Abstract
Objective
The objective was to identify potential hub genes associated with the pathogenesis and prognosis of hepatocellular carcinoma (HCC).
Methods
Gene expression profile datasets were downloaded from the Gene Expression Omnibus database. Differentially expressed genes (DEGs) between HCC and normal samples were identified via an integrated analysis. A protein–protein interaction network was constructed and analyzed using the STRING database and Cytoscape software, and enrichment analyses were carried out through DAVID. Gene Expression Profiling Interactive Analysis and Kaplan–Meier plotter were used to determine expression and prognostic values of hub genes.
Results
We identified 11 hub genes (
Conclusions
In this study, we identified key genes of HCC, which indicated directions for further research into diagnostic and prognostic biomarkers that could facilitate targeted molecular therapy for HCC.
Keywords
Introduction
On a global scale, cancer is the main public health problem and liver cancer is a major contributor to both cancer morbidity and mortality. 1 Liver cancer is the sixth most common cancer and the fourth highest cause of cancer-related mortality worldwide. 2 There were expected to be 42,030 newly diagnosed cases and 31,780 deaths of liver cancer in the United States during 2019. 3 Hepatocellular carcinoma (HCC) is the most common form of primary liver cancer, comprising 75% to 85% of cases. 2 The well-recognized risk factors for HCC include chronic infection with hepatitis B (HBV) or hepatitis C virus, exposure to dietary aflatoxin, alcohol-induced cirrhosis, smoking, obesity, and type 2 diabetes.2,4 In Asia (especially China), chronic HBV infection is the leading etiologic factor of HCC. 5 Most HCC patients are diagnosed at an advanced stage, and locoregional treatments (chemoembolization) and surgical treatments are relatively disappointing in terms of overall survival (OS) of patients with advanced disease. 6 In addition, traditional chemotherapies have not shown promising outcomes in treatment of HCC and have significant toxicity.6,7 Meanwhile, the lack of early detection of diagnostic markers and limited treatment strategies increase the risk of poor prognosis and death. 8 Therefore, there is a pressing need to develop robust diagnostic strategies and effective therapies for HCC patients. 9
Over the past decades, microarray technology and bioinformatics have been extensively applied to identify the molecular mechanisms of HCC, which provide strong research support for the diagnosis, treatment, and prognosis of HCC. 10 Because of the ability to process a large number of datasets quickly, integrated bioinformatics analysis and microarray technology have allowed researchers to comprehensively identify the functions of numerous differentially expressed genes (DEGs) in HCC, and they help researchers explore the complicated process of HCC occurrence and development.10,11 A work by He et al. 12 identified four hub genes and two important pathways in the development of HCC from cirrhosis from one Gene Expression Omnibus (GEO) dataset using a bioinformatics method, including DEG screening, enrichment analyses, and construction of a protein–protein interaction (PPI) network.

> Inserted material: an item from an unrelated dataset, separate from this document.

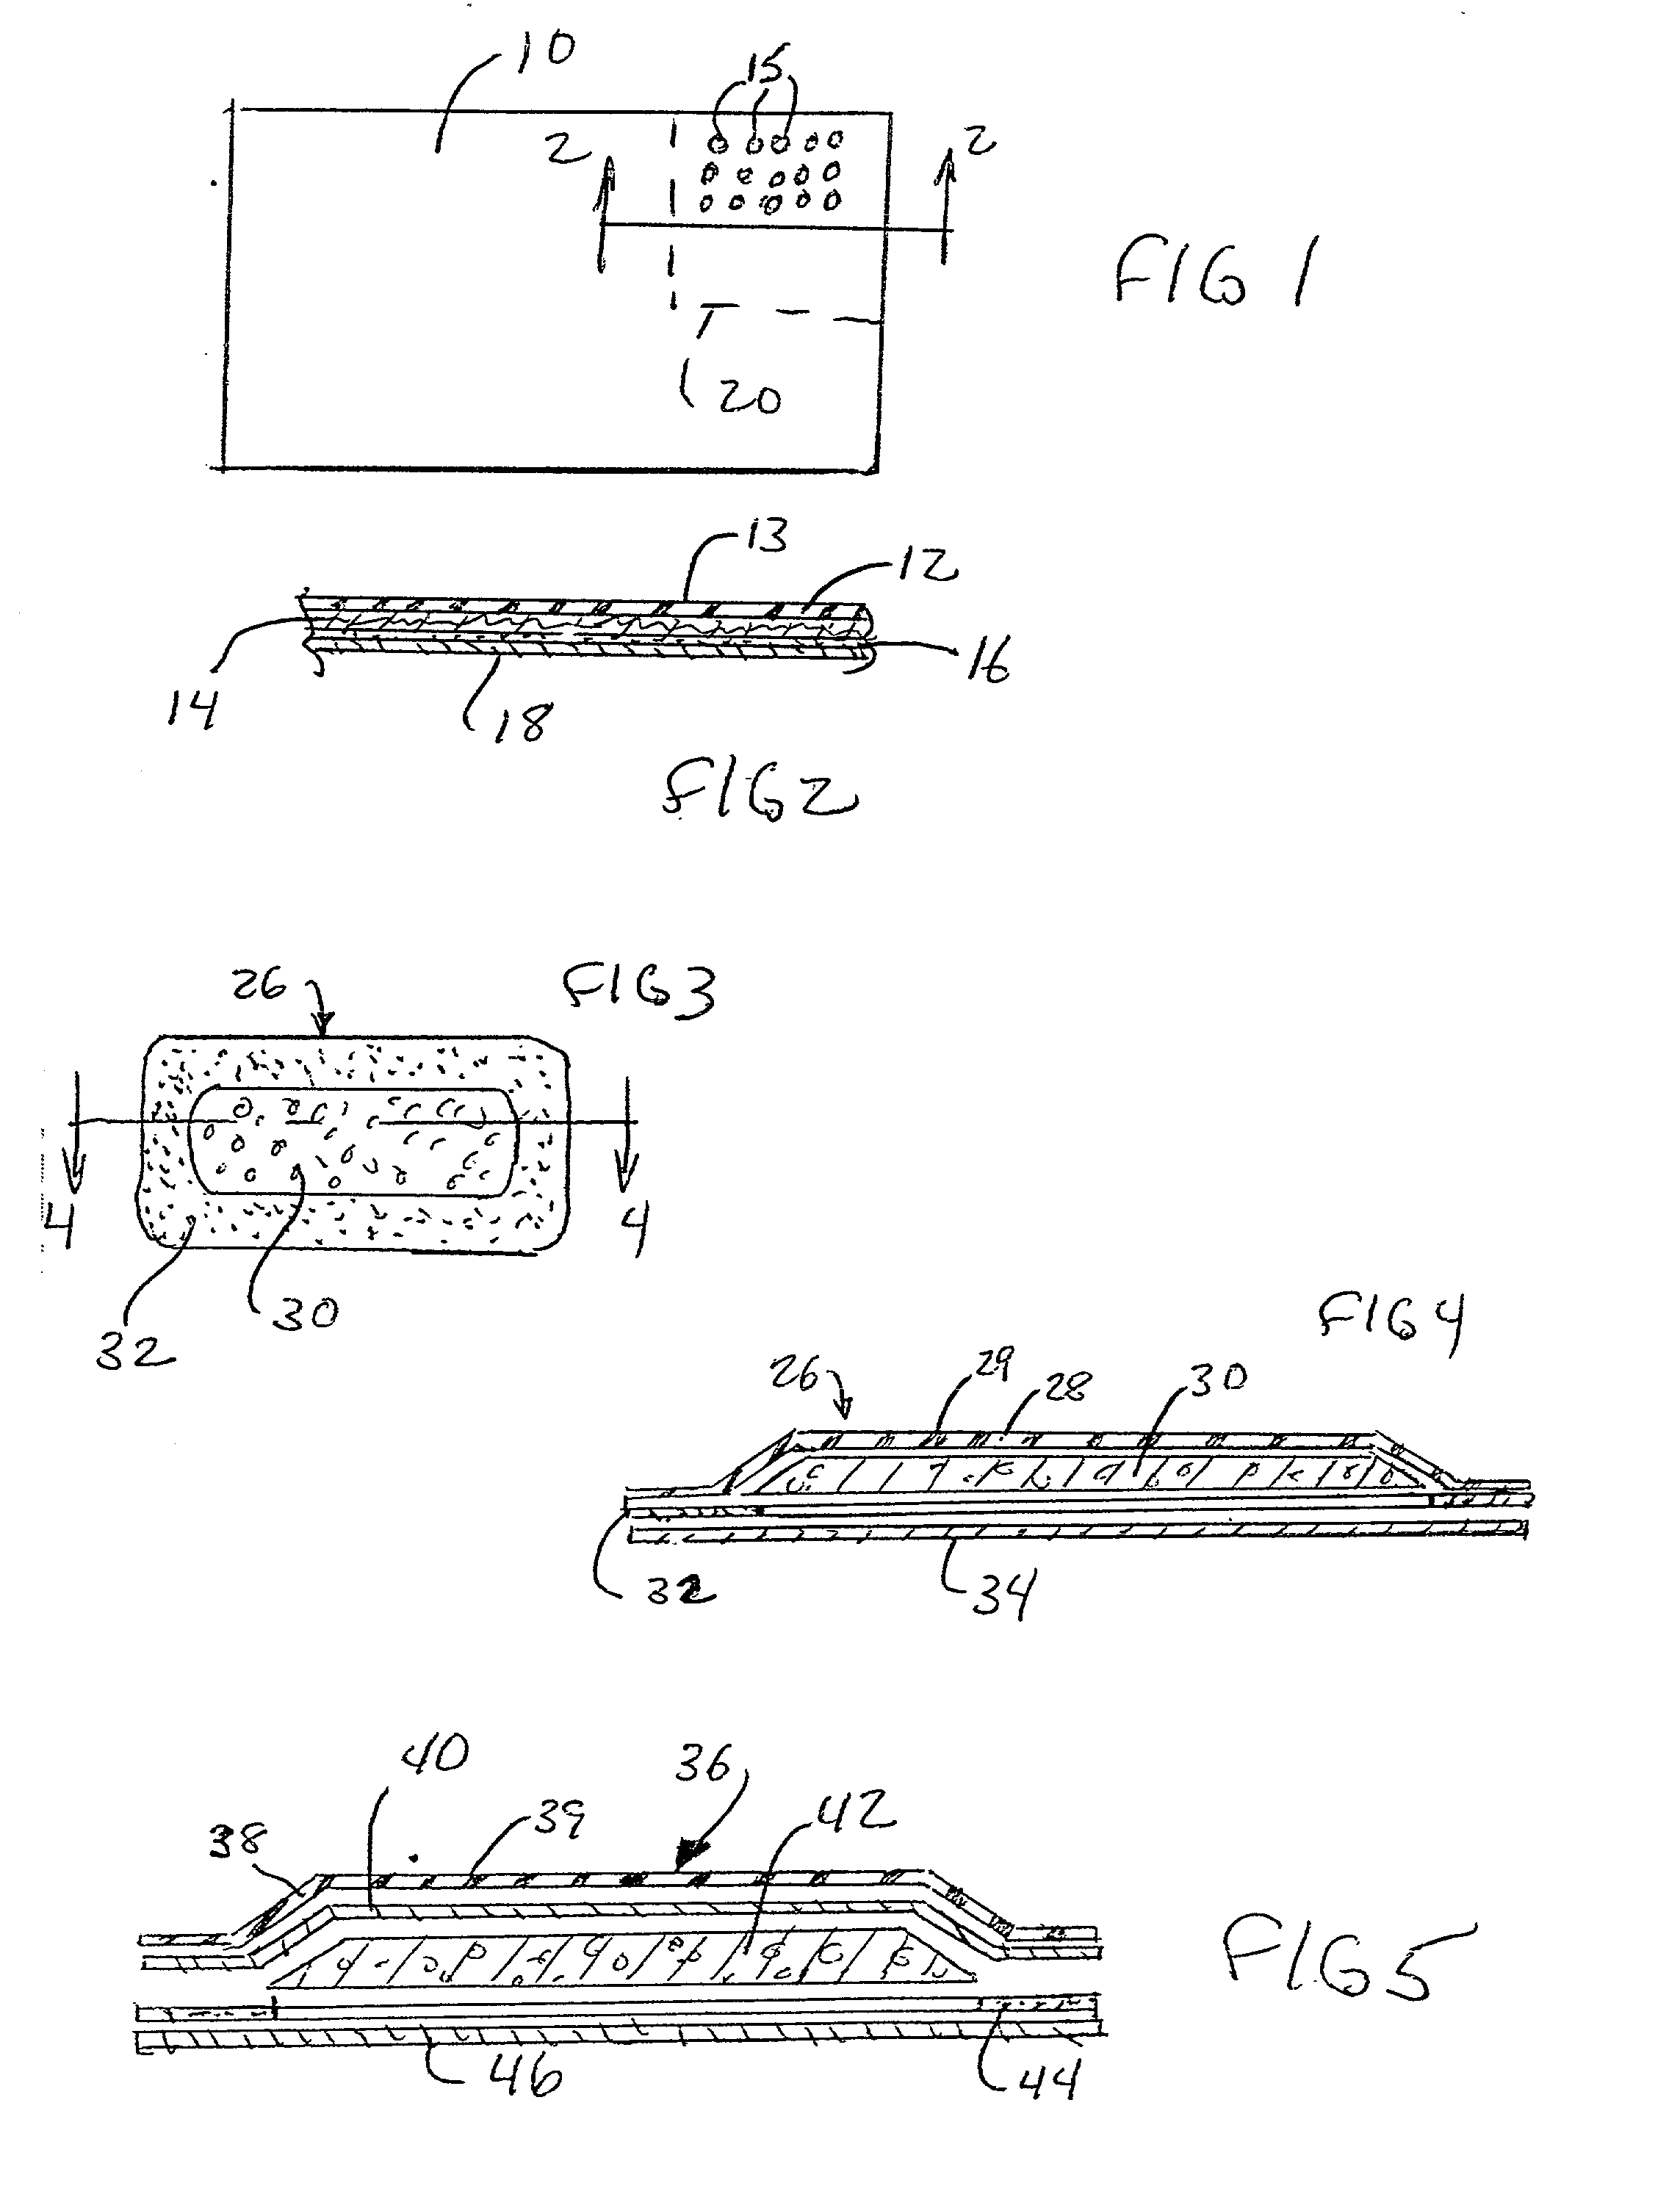 Self-adhering friction reducing liner and method of use

Zhang et al. 13 screened hub genes and pathways correlated with the occurrence and progression of HCC via a series of bioinformatics analyses incorporating DEGs identification, functional enrichment analyses, PPI network and module analysis, and weighted correlation network analysis. Zhou et al. 11 identified the pivotal genes and microRNAs in HCC using a bioinformatics approach, including analysis of raw data via GEO2R, Gene Ontology (GO), and Kyoto Encyclopedia of Genes and Genomes (KEGG) pathway enrichment analyses, and construction of PPI network. However, to improve the diagnosis and treatment of HCC, novel diagnostic and prognostic biomarkers for HCC are needed. The flowchart of the study approach is shown in Figure 1.

Flowchart for identification of core genes and pathways for hepatocellular carcinoma (HCC). GEO, Gene Expression Omnibus; DEG, differentially expressed gene; GO, Gene Ontology; KEGG, Kyoto Encyclopedia of Genes and Genomes; PPI, protein–protein interaction; GEPIA, Gene Expression Profiling Interactive Analysis.
Materials and methods
Ethical approval
Ethical approval was not required in this study because we analyzed only published data from the GEO database.

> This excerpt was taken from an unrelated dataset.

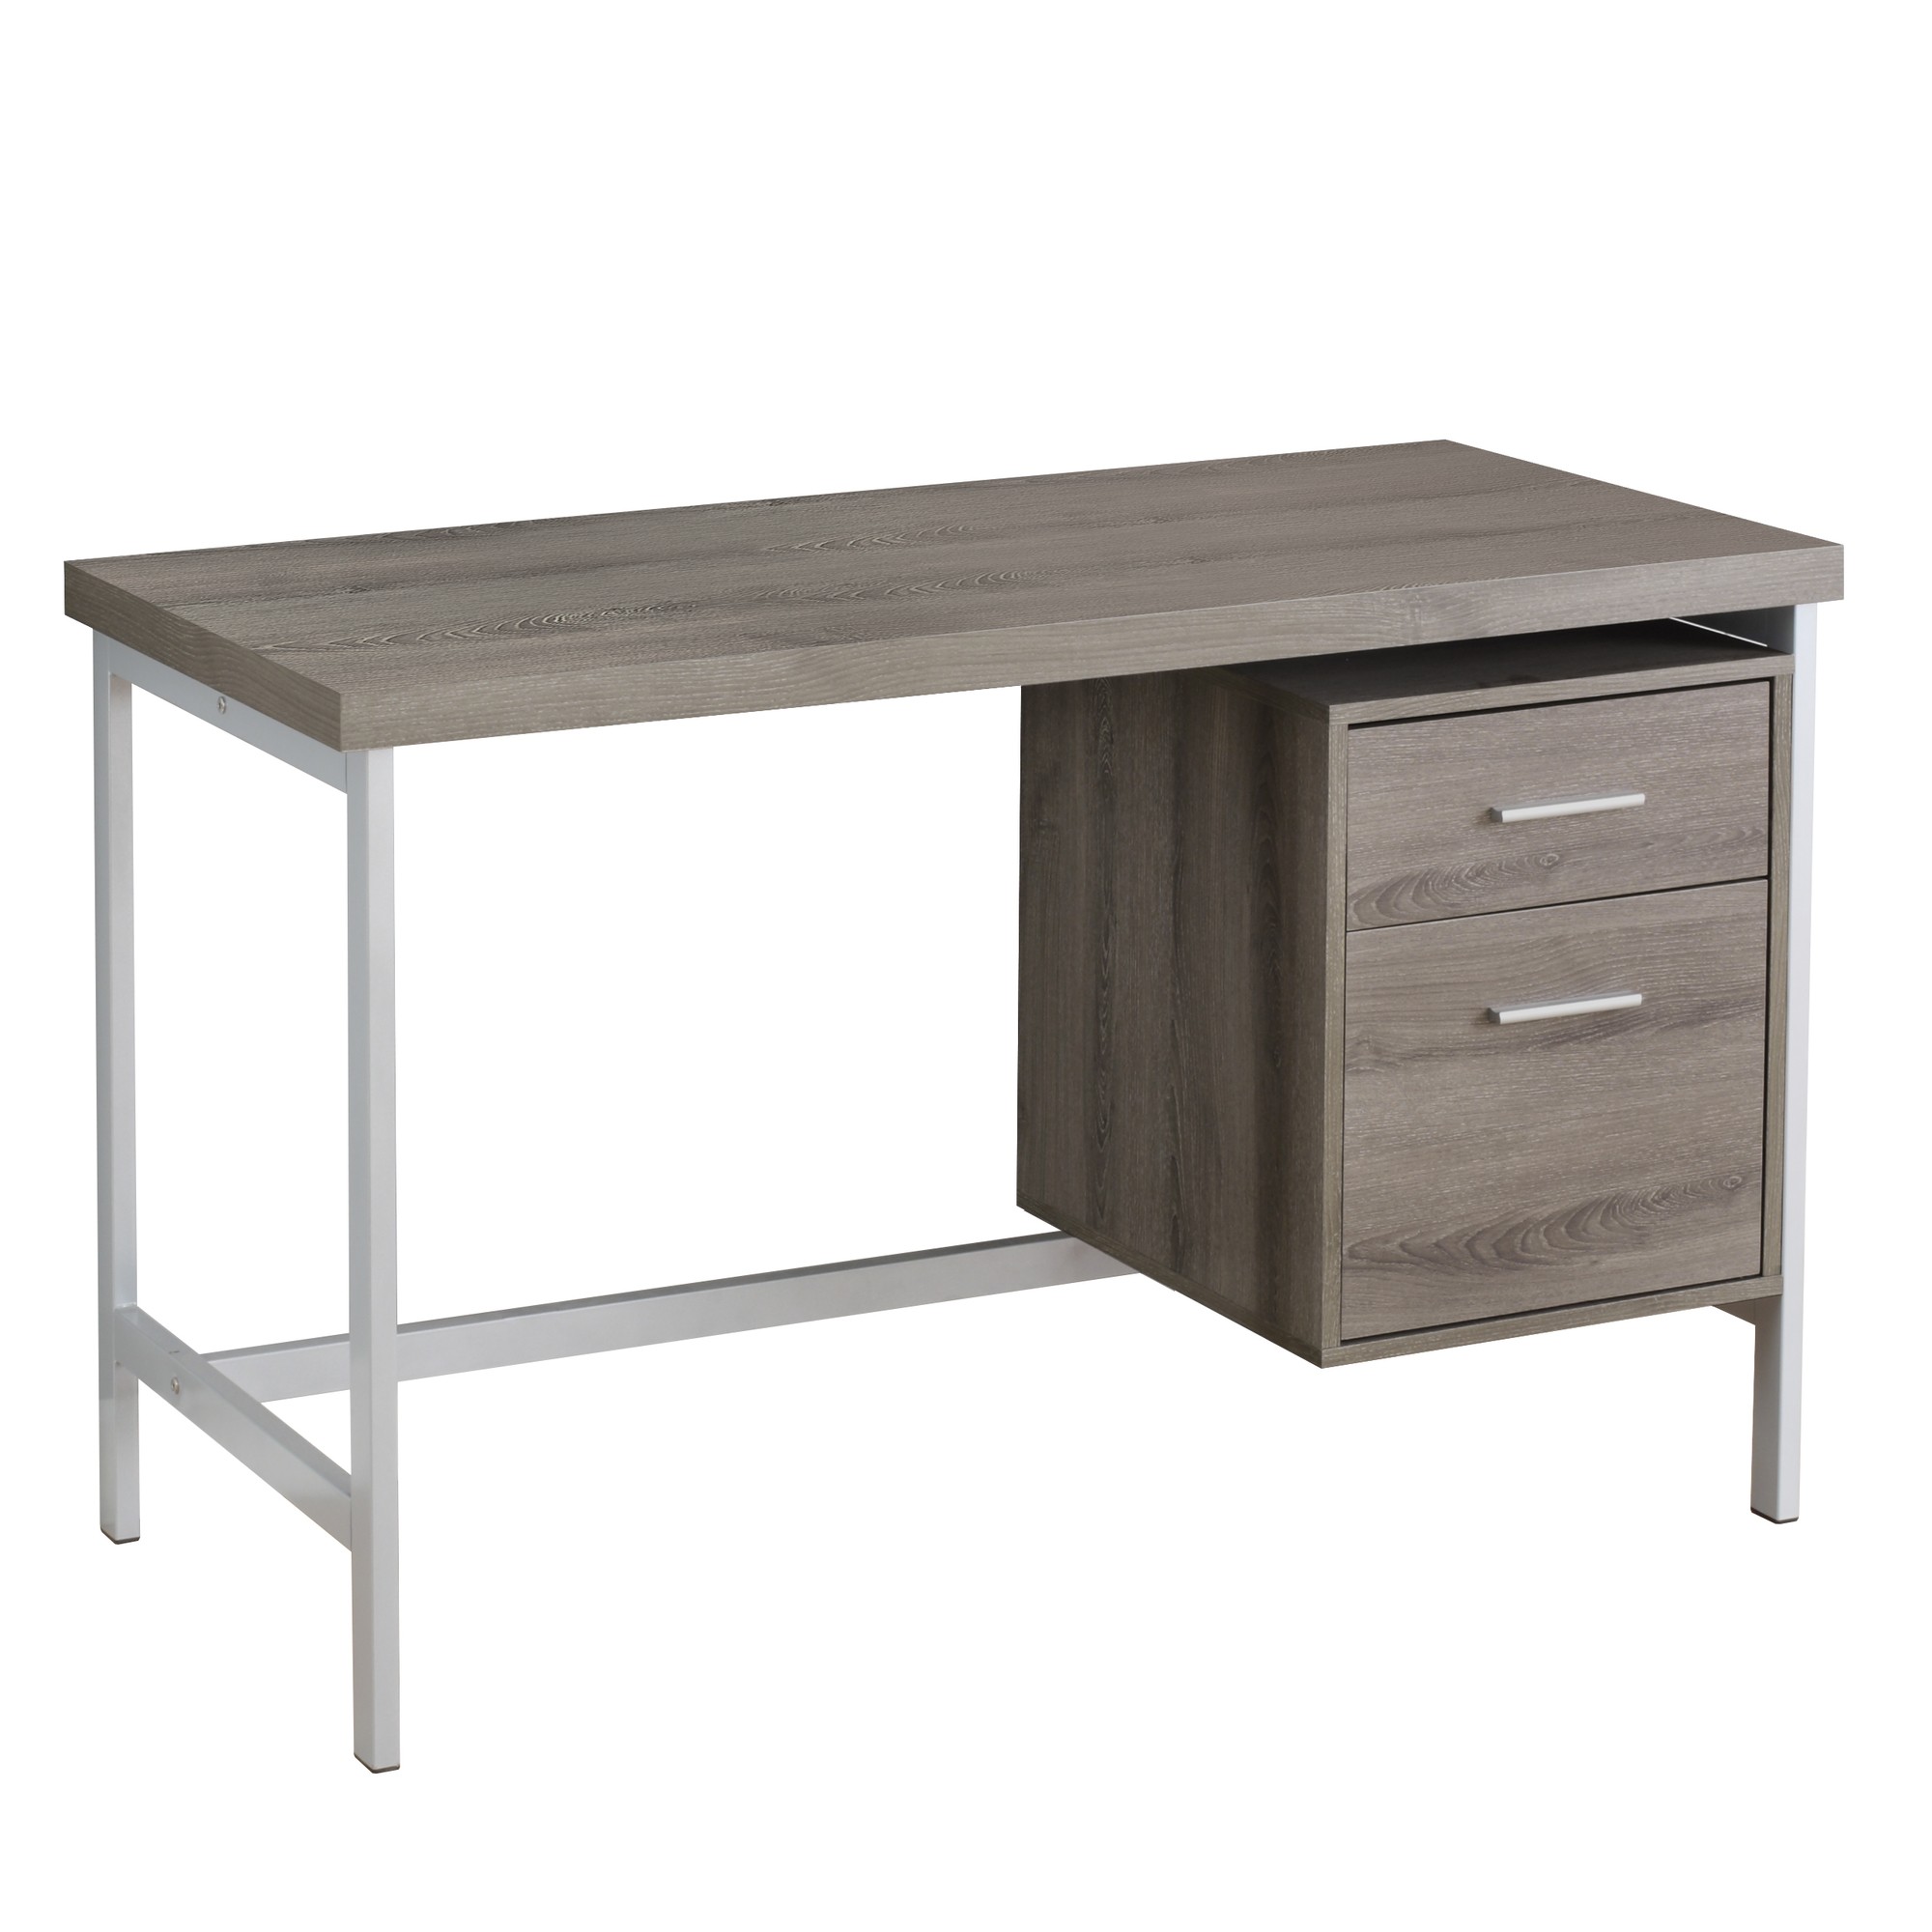 48" Computer Desk with Storage Drawers, Chrome Metal and Dark Taupe

Gene expression profile data
Gene expression profile data (GSE36376, 14 GSE39791, 15 GSE41804, 16 GSE54236,17,18 GSE57957, 19 GSE62232, 20 GSE64041, 21 GSE69715, 22 GSE76427, 23 GSE84005, GSE87630, 24 GSE112790, 25 and GSE121248 26 ) were downloaded from the GEO database (http://www.ncbi.nlm.nih.gov/geo/), 27 a public data repository, including high-throughput gene expression and other functional genome datasets. The selection criteria for the included datasets were as follows: (1) tissue samples collected from human HCC and corresponding adjacent or normal tissues; and (2) including at least 40 samples.

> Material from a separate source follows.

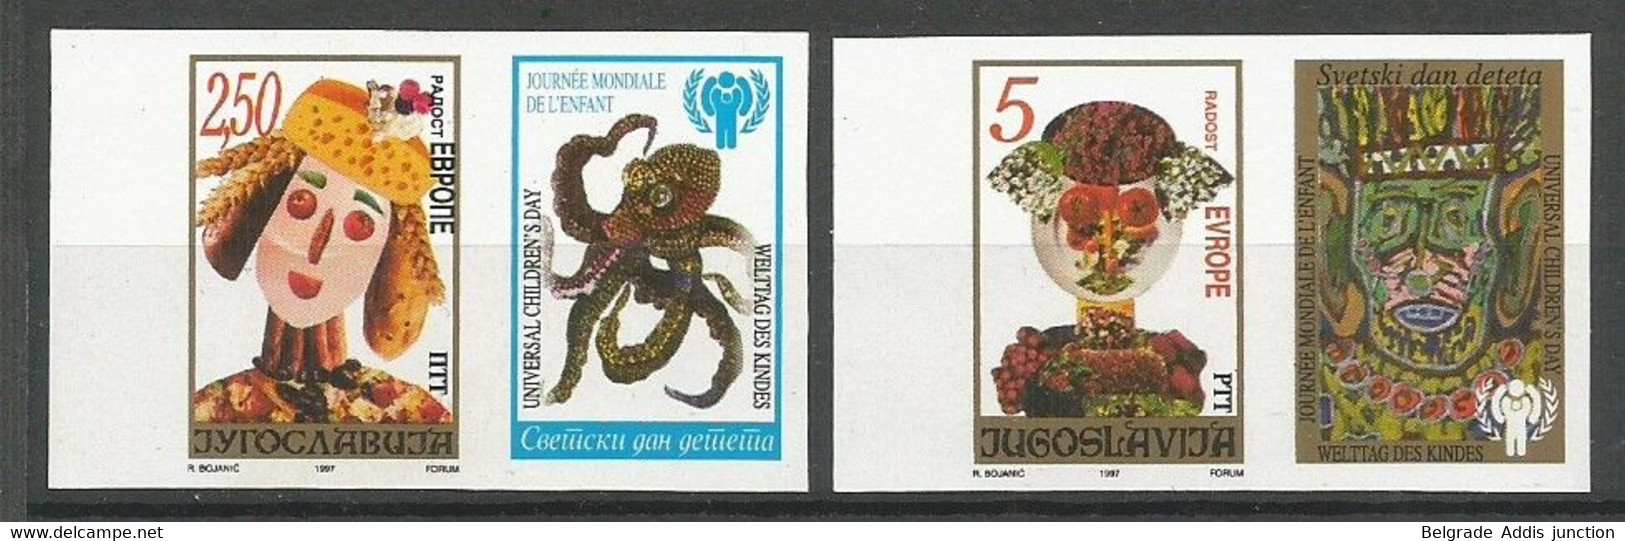 Yugoslavia ERROR Mi.2834/35 Complete Set IMPERFORATED With LABELS ** / MNH 1997 Europa Hang-on Issues Children Painting - Imperforates, Proofs & Errors

Integrated analysis of microarray datasets
The matrix data of each GEO dataset were normalized and log2 transformed using the R software package limma,
28
and the DEGs between HCC and corresponding adjacent or normal tissues were also filtered using the limma package. Integration of DEGs identified from the 13 datasets was performed by RobustRankAggreg package
29
in R software. A |log2 fold change (FC)| ≥1 and adjusted
Enrichment analyses of DEGs
Database for Annotation, Visualization and Integrated Discovery (DAVID; https://david.ncifcrf.gov/, version, 6.8) 30 is a comprehensive functional annotation tool for extracting biological significance from large gene/protein datasets. In this study, the GO and KEGG pathway enrichment analyses for the DEGs were conducted via DAVID. The visualization of enrichment analysis results was conducted by using ggplot2 31 and the GOplot 32 package in the R software.
PPI network and module analysis
Search Tool for the Retrieval of Interacting Genes/Proteins (STRING; https://string-db.org/) 33 is a database of known and predicted protein interactions, showing direct and indirect interactions among proteins. This database was applied to obtain potential interactions among the DEGs. PPIs with a confidence score ≥0.7 were reserved and imported into Cytoscape software 34 to construct the PPI network. Furthermore, the clustering modules in this PPI network were analyzed using the MCODE (Molecular Complex Detection) plugin in Cytoscape. 35 Pathway enrichment analyses for important modules were also carried out. The visualization of enrichment analysis results was performed by using the imageGP platform (http://www.ehbio.com/ImageGP/index.php/Home/Index/GOenrichmentplot.html).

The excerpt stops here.